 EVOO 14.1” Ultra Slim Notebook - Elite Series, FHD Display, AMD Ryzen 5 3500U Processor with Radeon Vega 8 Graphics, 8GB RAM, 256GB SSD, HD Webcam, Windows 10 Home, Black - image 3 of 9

--------

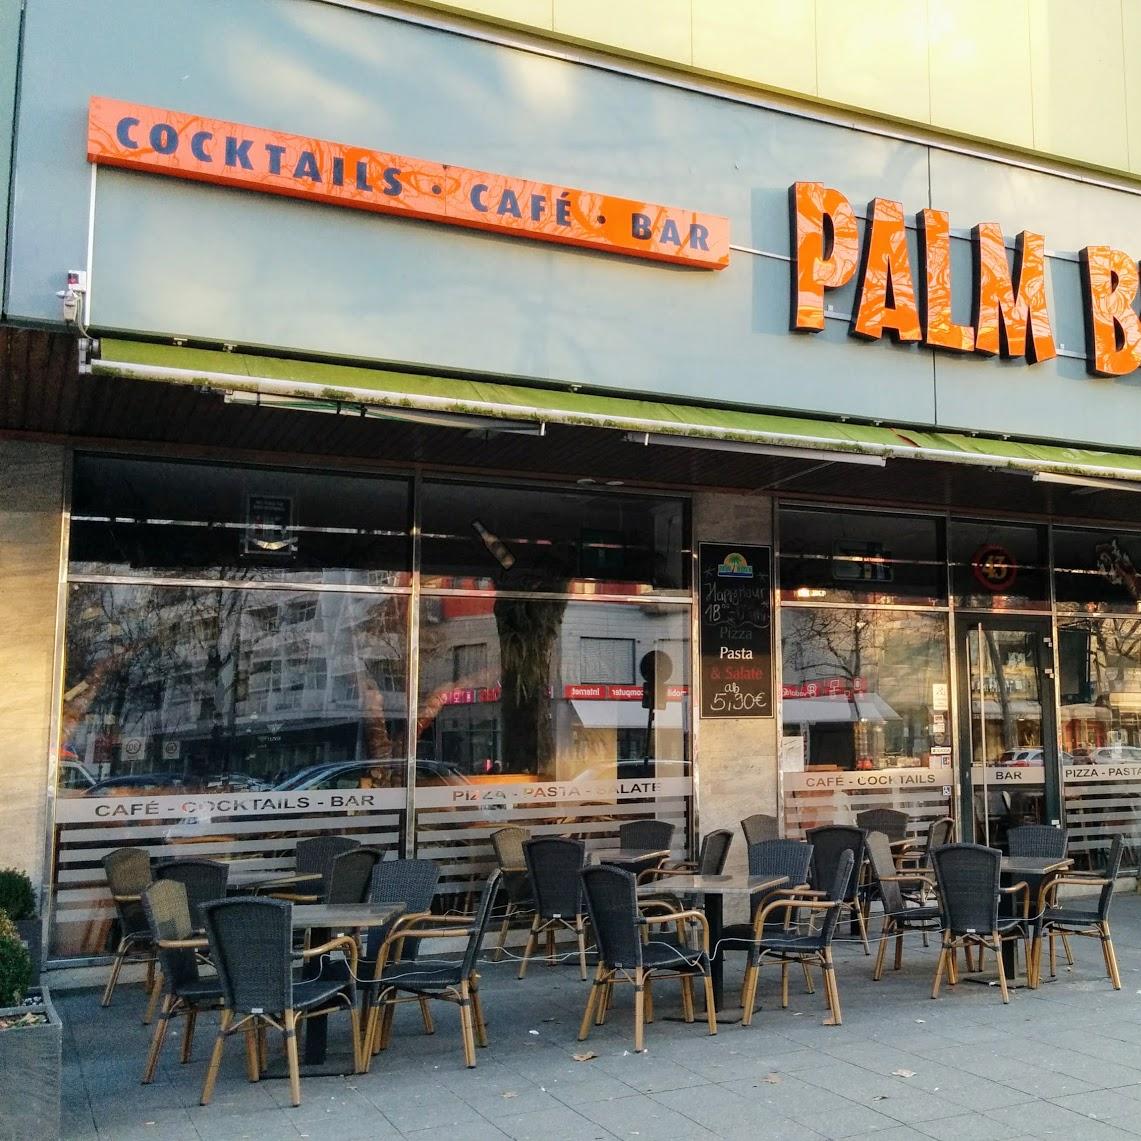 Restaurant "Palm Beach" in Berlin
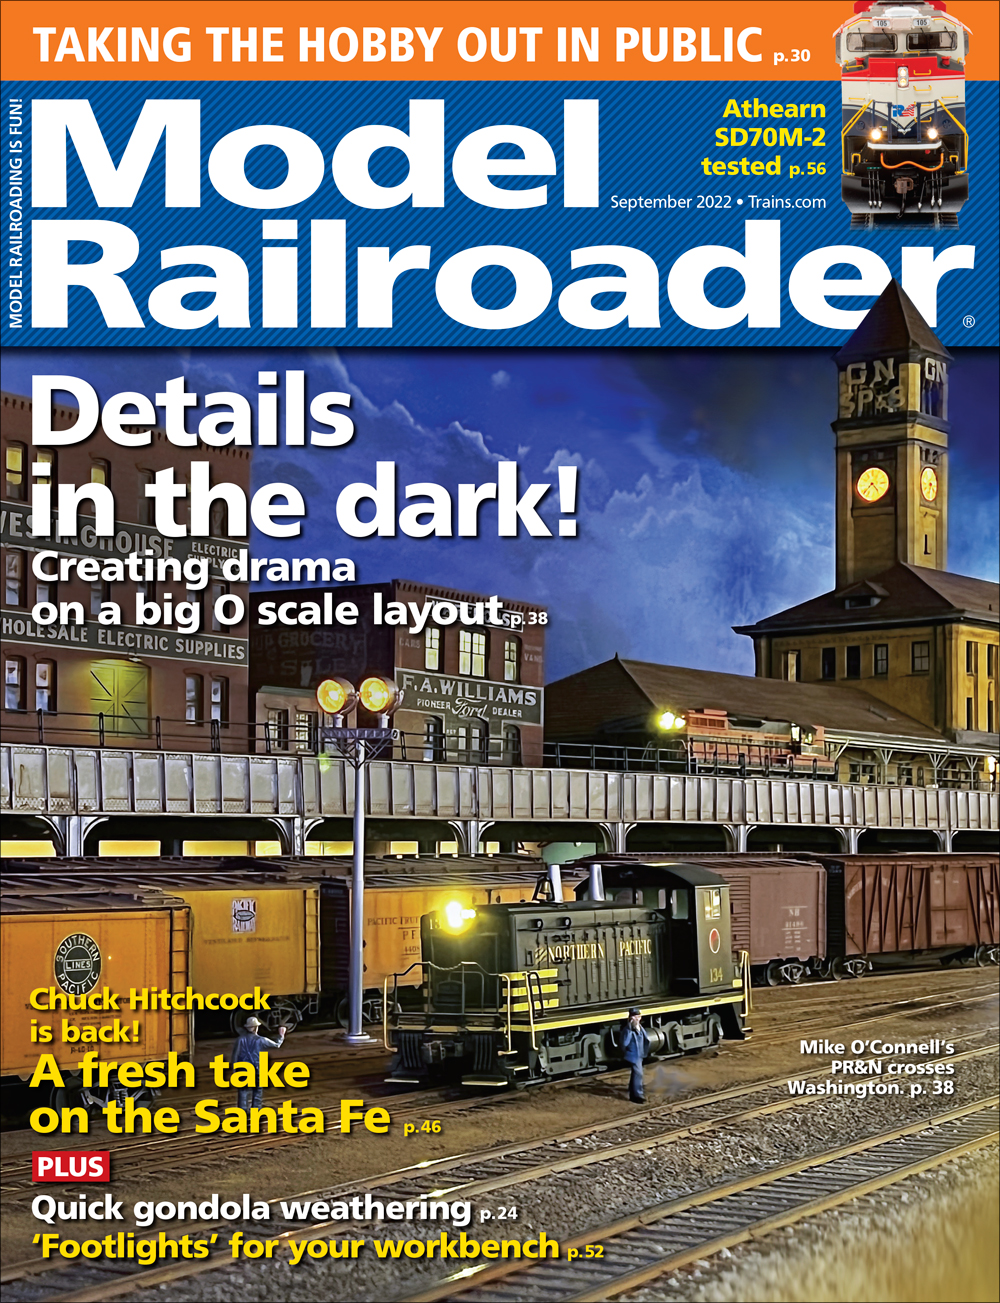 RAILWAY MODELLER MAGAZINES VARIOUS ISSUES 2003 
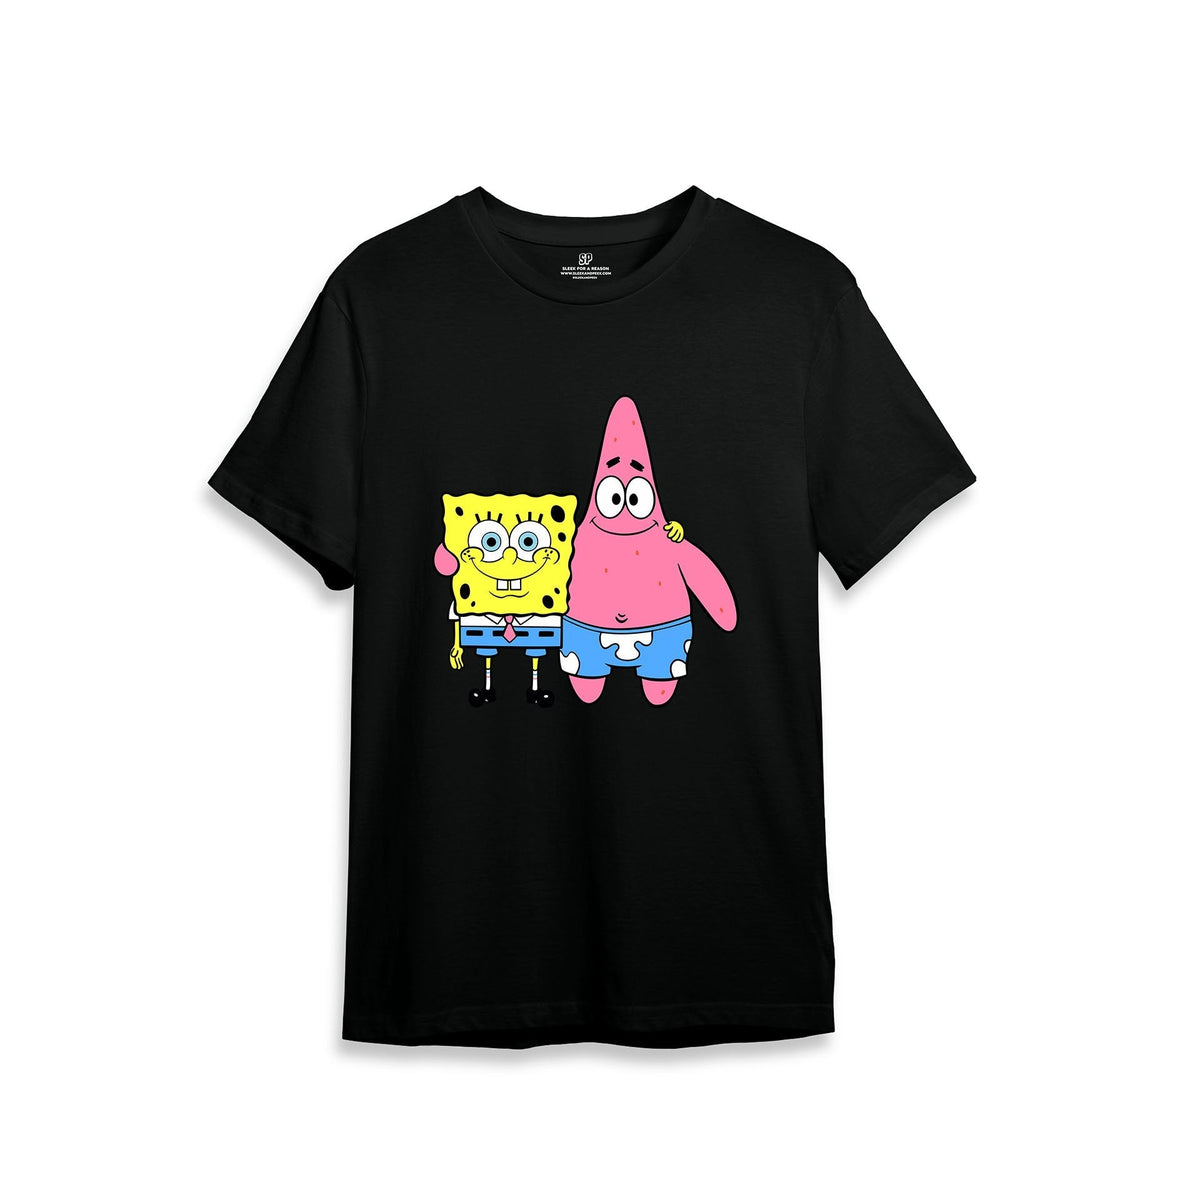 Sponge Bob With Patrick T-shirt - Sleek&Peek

--------

Return exactly the lines that appear in the data above between the line containing "RAILWAY MODELLER MAGAZINES" and the line containing "Sponge Bob With Patrick T-shirt - Sleek&Peek", both of which are included, and leave the pictures out.

 RAILWAY MODELLER MAGAZINES VARIOUS ISSUES 2003 
 Sponge Bob With Patrick T-shirt - Sleek&Peek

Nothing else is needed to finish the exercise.